6. The method of claim 5, wherein the quantization parameter comprises a quantization parameter for a luma component and/or a chroma component.

7. The method of claim 1, wherein one of the parameters is selected for encoding when the point-of-interest coding parameter and the video stream coding parameter are applied to the same coding block at the same time.

8. The method of claim 7, wherein the selecting one of the parameters is encoded as a point of interest parameter first, a video stream parameter first, or providing parameter selection indication information.

9. A digital retina video joint decoding method is characterized by comprising video decoding processing and visual characteristic processing; wherein the video feature processing comprises determining point of interest location information; the video decoding processing comprises determining encoding parameters for video decoding based on the interest point position information; the point of interest location information for video coding is from a video feature stream.

10. The method of claim 9, wherein the determining encoding parameters based on the point of interest location information comprises: a set of encoding parameters is assigned to a point of interest, wherein locations of the point of interest are distributed across different levels of block-based encoding structures.

11. The method of claim 10, wherein the block-based coding structure distribution comprises at least one of macroblocks, sub-blocks, slices, slice groups, sequences, and pictures.

12. The method of claim 9, wherein the encoding parameters comprise at least one of: entropy encoding/decoding selected algorithms, golomb encoding, CAVLC, CABAC and quantization parameters.

13. The method of claim 12, wherein the quantization parameter comprises a quantization parameter for a luma component and/or a chroma component.

14. The method of claim 9, wherein one of the parameters is selected for decoding when the point-of-interest coding parameter and the video stream coding parameter are simultaneously applied to the same coding block.

15. The method of claim 14, wherein the selecting one of the parameters for decoding is performed by taking a point of interest parameter first, a video stream parameter first, or providing parameter selection indication information.

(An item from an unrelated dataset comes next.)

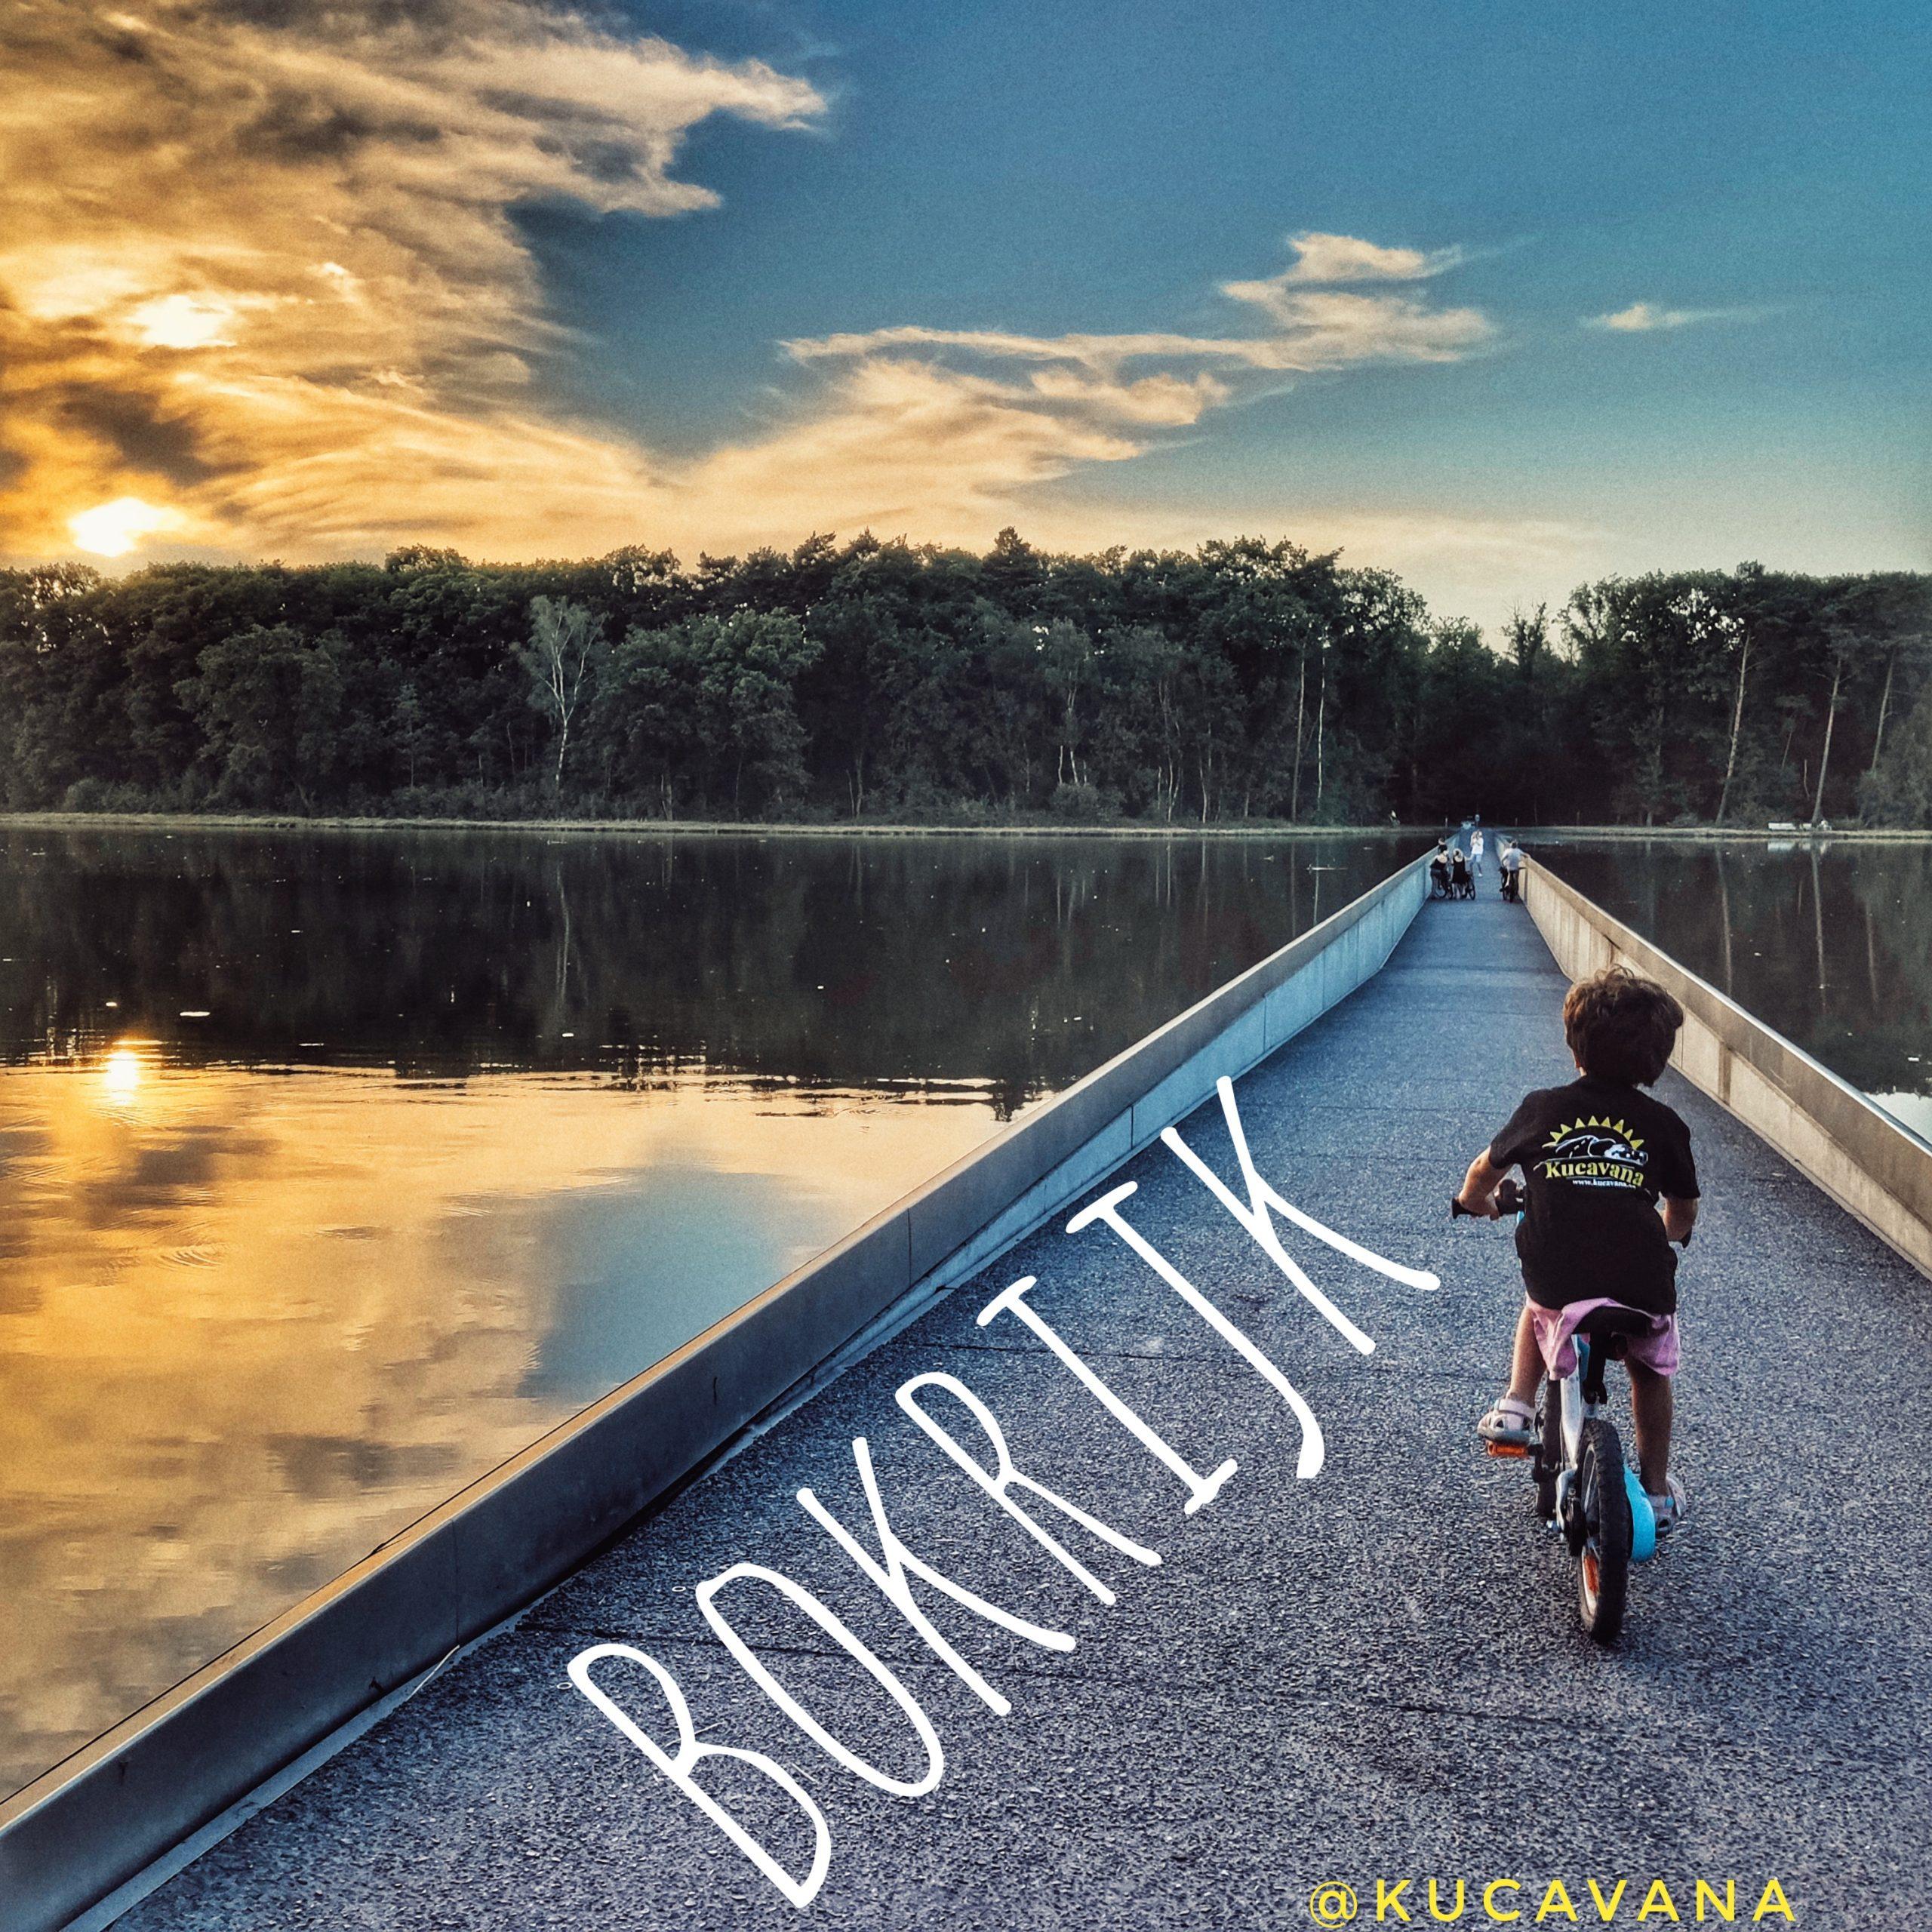 Bokrijk Fietsen Door de Bomen, une piste cyclable sur l'eau
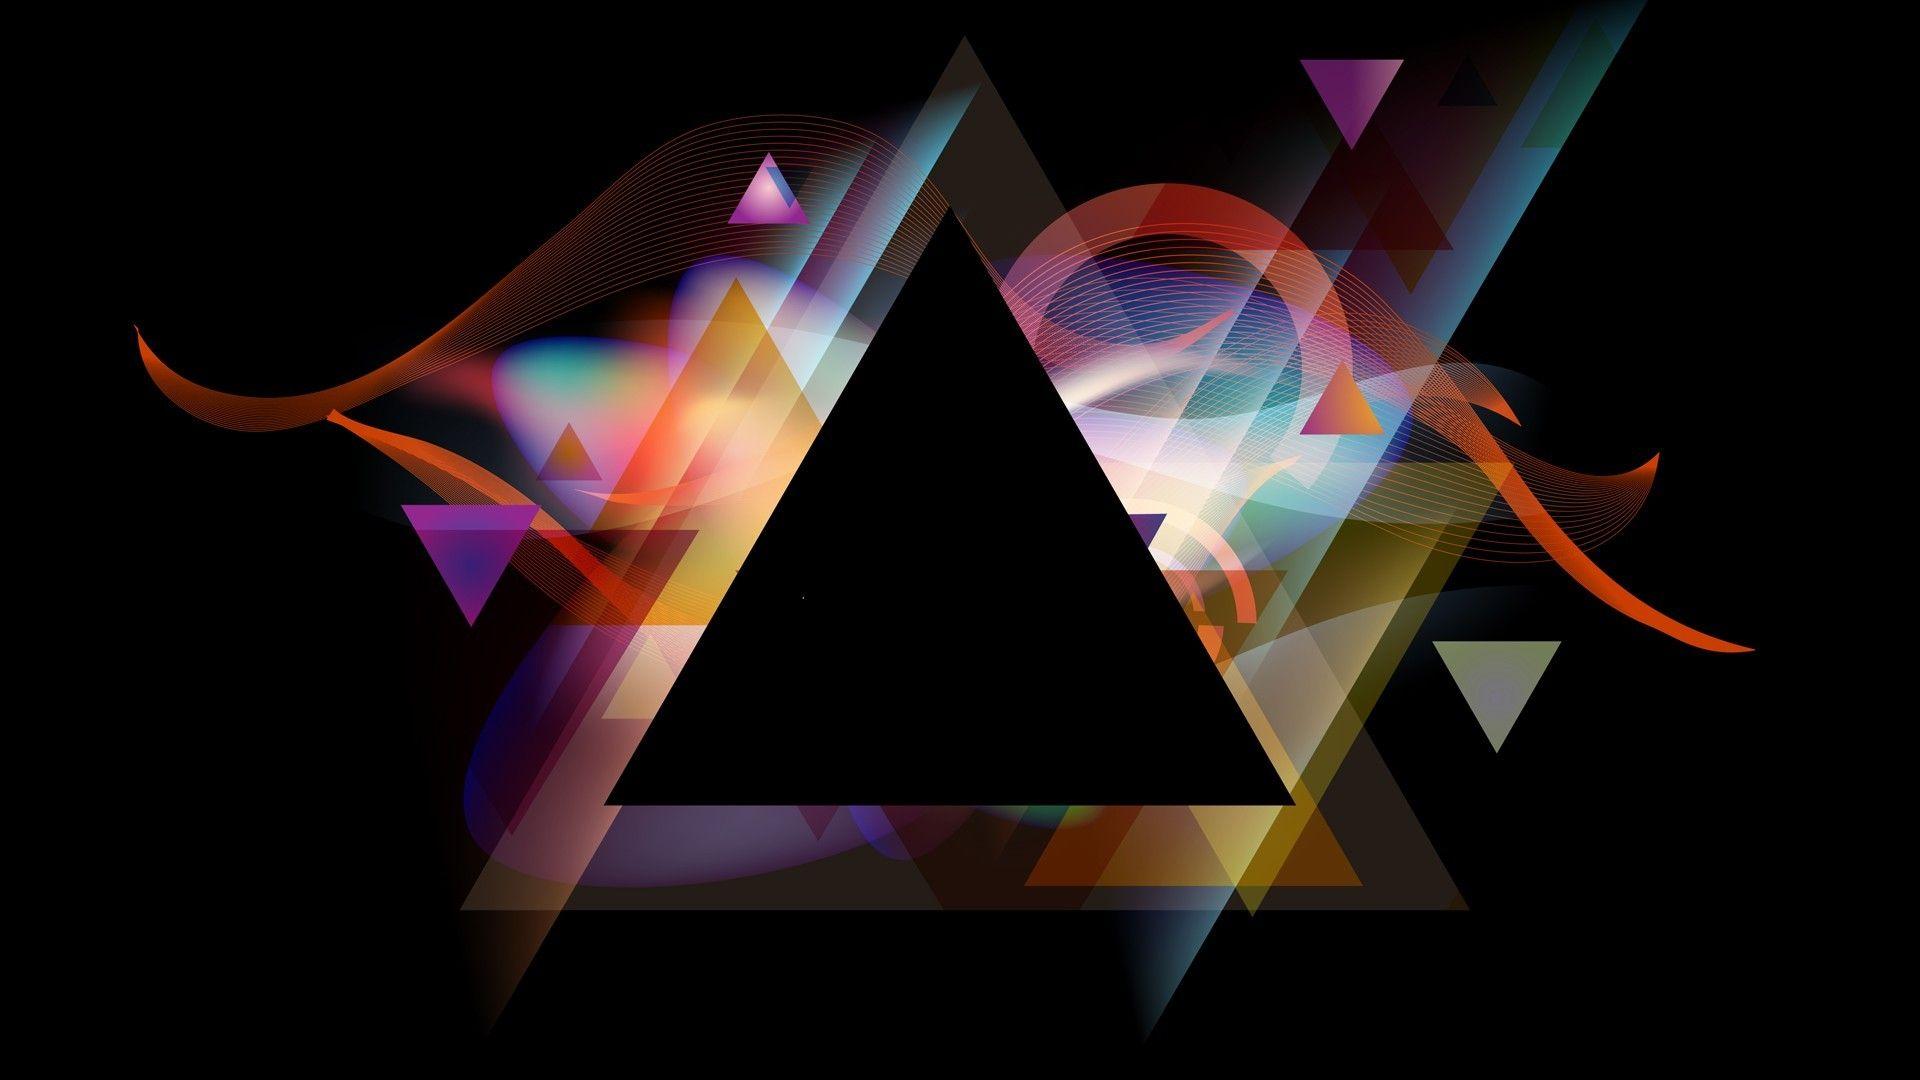 Beautiful illuminati wide high resolution wallpaper hd creativo outstanding hd illuminati wallpapers for ipad voltagebd Gallery

16. A digital retina video joint coding device is characterized by comprising a video compression processing module and a video feature processing module; wherein the video feature processing module comprises a determining unit; the determining unit is used for determining the position information of the interest point;

the video compression processing module comprises:

17. A digital retina video joint decoding device is characterized by comprising a video decoding processing module and a visual characteristic processing module; wherein the video feature processing module comprises a determination unit; the determining unit is used for determining the position information of the interest point;

the video coding process comprises:

a coding unit for performing video coding according to the encoding parameters;

18. An electronic device comprising a memory, a processor and a first computer program and/or a second computer program stored on the memory and executable on the processor, the processor executing the first computer program and/or the second computer program to implement the digital retinal video joint encoding method according to any one of claims 1 to 8 and/or the digital retinal video joint decoding method according to any one of claims 9 to 15.

19. A computer-readable storage medium, on which a first computer program and/or a second computer program is stored, characterized in that the first computer program and/or the second computer program is executed by a processor to implement the digital retinal video joint encoding method according to any one of claims 1 to 8 and/or the digital retinal video joint decoding method according to any one of claims 9 to 15.